Of course, since the bag is not traveling with you on your plane, that requires another security check and scrutiny. Needless to say, my bag stayed in Paris for weeks before they actually figured out how to get it for me.
Had this flight been going to Canada (where I live, so I am very familiar with how it works there), or probably any other country but the U.S., no-one would be asking people if they been to a "muslim country" and required extra scrutiny for those bags (which had already passed security, and flew on one flight perfectly fine).
So here joe, is a clear and undeniable case of U.S. government regulation directly causing a situation where lost bags are inevitble. Are you going to stand corrected that U.S. regulations damn well cause lost bags, or are you going to think of some convoluted reason why it wasn't the U.S. governments fault?
"I wonder which regulation is causing more bags to be lost?"
Uh... the one that required more bags be checked. Duh.
Yes, I understand that the stat is "per 10,000" but when a regulation makes a sudden change to the volume of bags being checked, faster than the airlines (banks, auto makers, retailers, taxi drivers... whatever) can react, then these minor disturbances will occur.
It ain't rocket science.
Cracker's Boy.
ps. Carrick - Rule 3, Never check a bag.
Regulations that prevent foreign ownership of US airlines prevent highly-profitable, service-oriented foreign airlines from competing in the US.
Competition, real competition, is awesome for consumer choice and service. carrick nails it.
ps. Carrick - Rule 3, Never check a bag.
Certainly a goal, but very difficult on extended trips.
"I always check-in early."
The way I heard it, if you've never missed your flight, you're wasting too much time hanging around in airports.
I'm really glad I don't have to fly on a regular basis any more; there's about an eighty-five per cent probability that I'd end up on the no fly list, if not dead on the floor at the security gate. I get crabby sometimes.
The way I heard it, if you've never missed your flight, you're wasting too much time hanging around in airports.
Never missed a flight from the originating airport. Missed severl connection though 😉
If only there was some alternative to airplane travel - something that was almost as fast, more fuel efficient, safer, less hassle, where the station was actually centrally located inside the city center instead of an hour-long car trip away. Something that could get you from LA to SF in 2 hours and a half....
Too bad, then, that trains are a bad idea because they're a net drain on social welfare.

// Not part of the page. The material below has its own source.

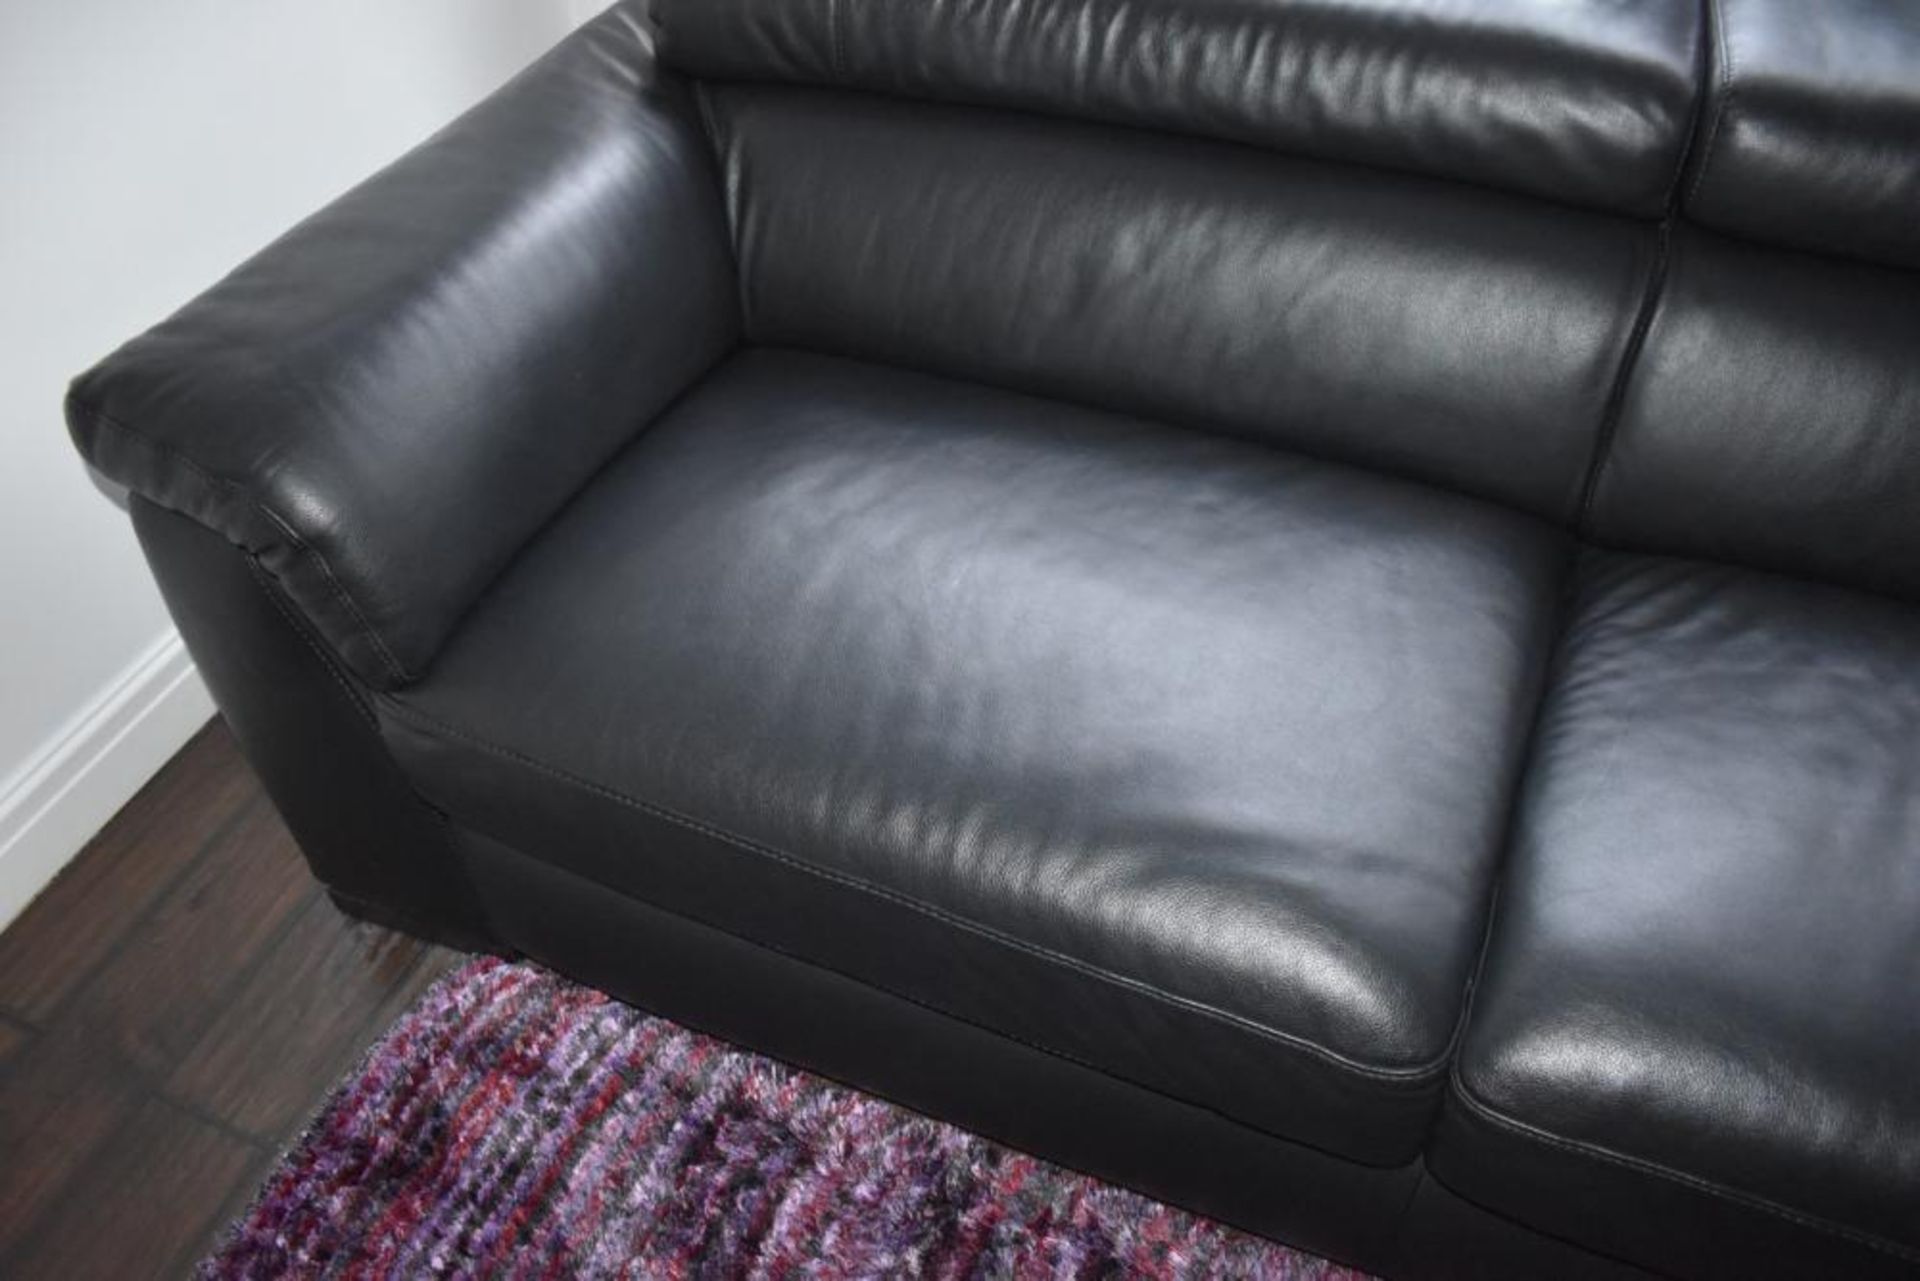 1 x Italsofa by Natuzzi Black Leather Sofa with 2 Purple DreamWeavers Cushions - CL469 - No VAT - Image 4 of 9

The way I heard it, if you've never missed your flight, you're wasting too much time hanging around in airports.
Nope, I leave. I try to pick flights in the afternoon. I check-in in the morning; then go home or to a restaurant. Hell, one time I checked-in, went to breakfast, went home and had sex, took a nap, and then returned to the airport. It's the only way to fly!

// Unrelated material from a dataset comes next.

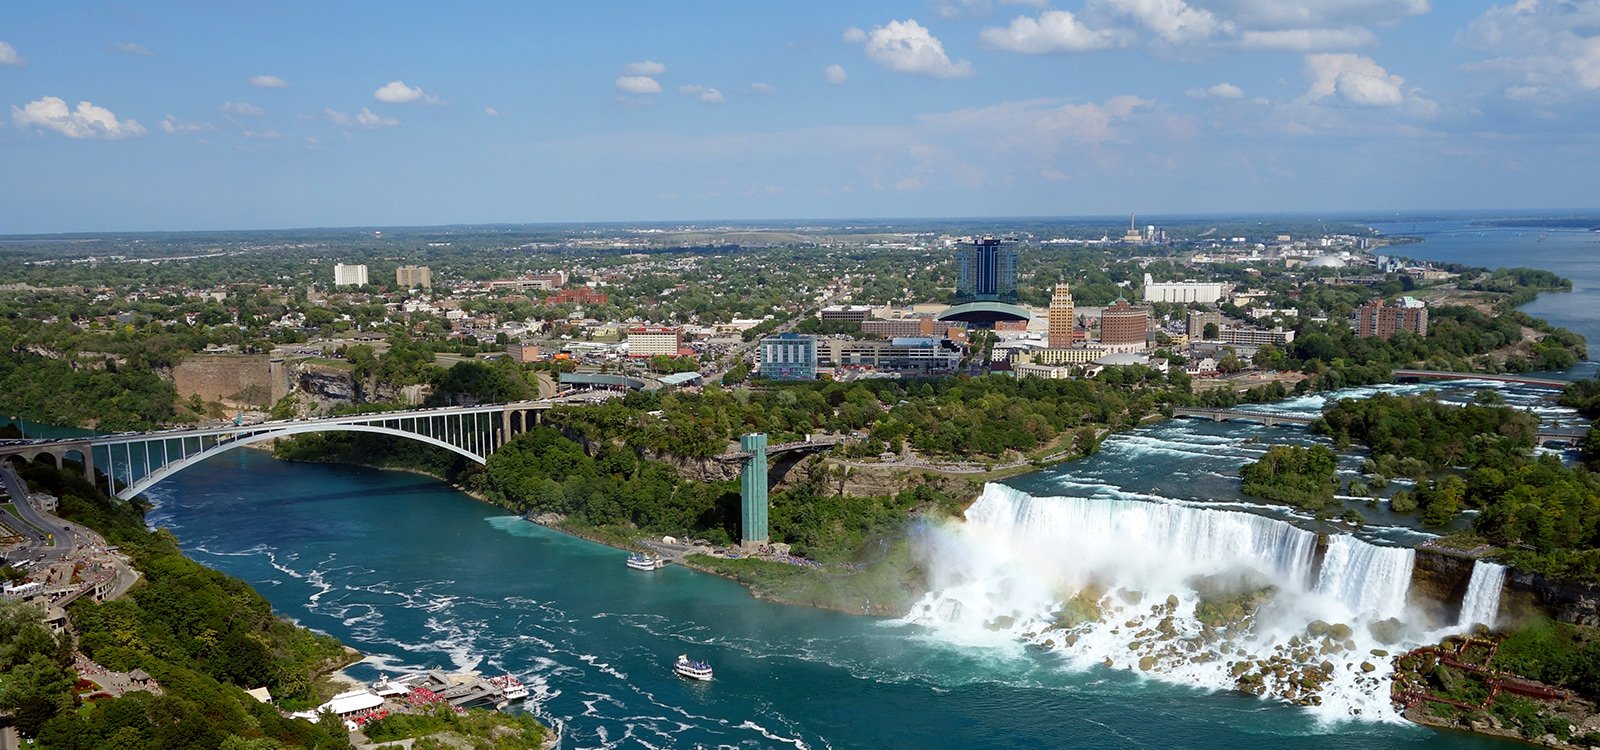 Developing Niagara Falls 2020

Don't forget that our government continually bails out our failing domestic airlines, the same airlines who year after year lose baggage and bump customers all the while charging through the nose for the experience.
Let's see, 220mph vs 575mph
60-100mpg vs. "HST needs only one-third that of an airplane" (though it doesn't mention what airplane or under what parameters).

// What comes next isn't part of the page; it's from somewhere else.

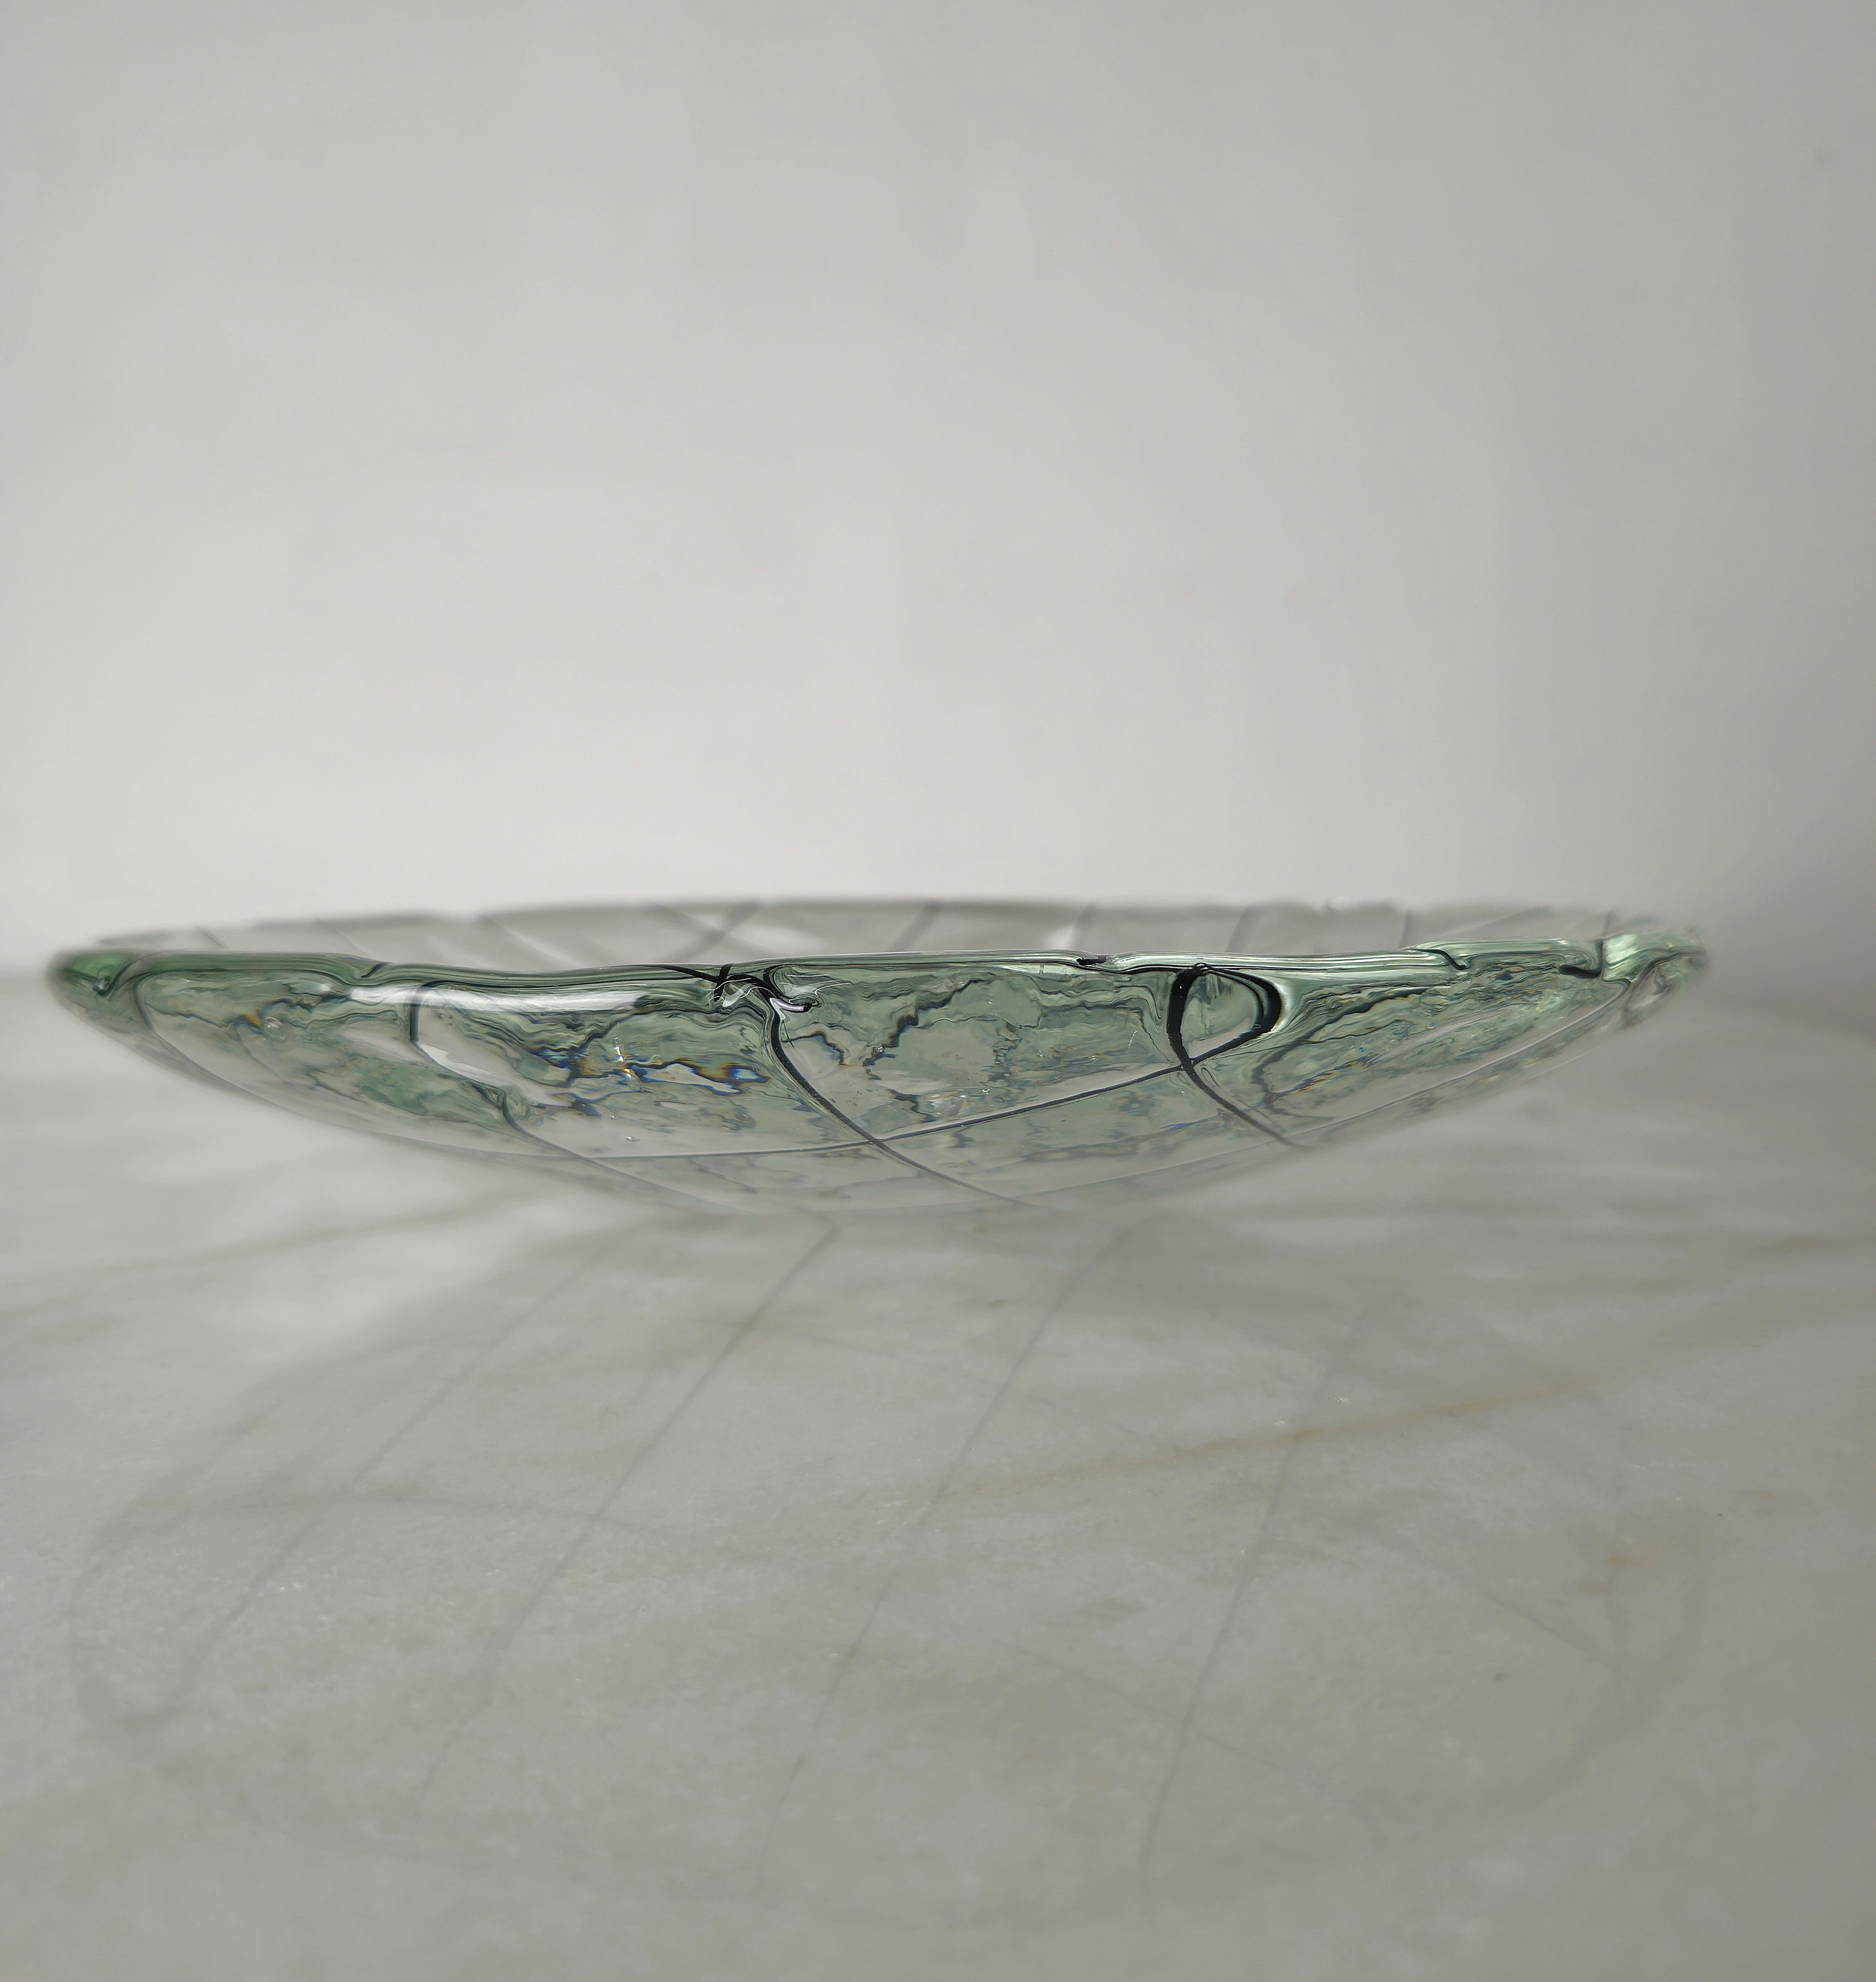 Decorative Dish Murano Glass Circular Midcentury Modern Italian Design 1950s For Sale 3

Safer? Only if you are talking about light rail (inner city) and that is only because of the high numbers carried when compared to other transportation options (excluding automobiles of course).
As for them being a drain on social welfare, I think this one paragraph sums up the problem entirely:
Now, if they were to up the fare to cover 100% of costs, how many people would pick a $20 train ride over a $30 cab ride unless traffic congestion (NYC) would warrant it?
Now, if they were to up the fare to cover 100% of costs, how many people would pick a $20 train ride over a $30 cab ride unless traffic congestion (NYC) would warrant it?
The subsidies to trains are transparent.
The subsidies to cars are not.
A $30 cab ride would not be $30 without the subsidies to oil companies that Ron Paul was complaining about on HBO recently. A $30 cab ride would not be $30 if the rider had to pick up the true costs of the pollution occasioned thereby.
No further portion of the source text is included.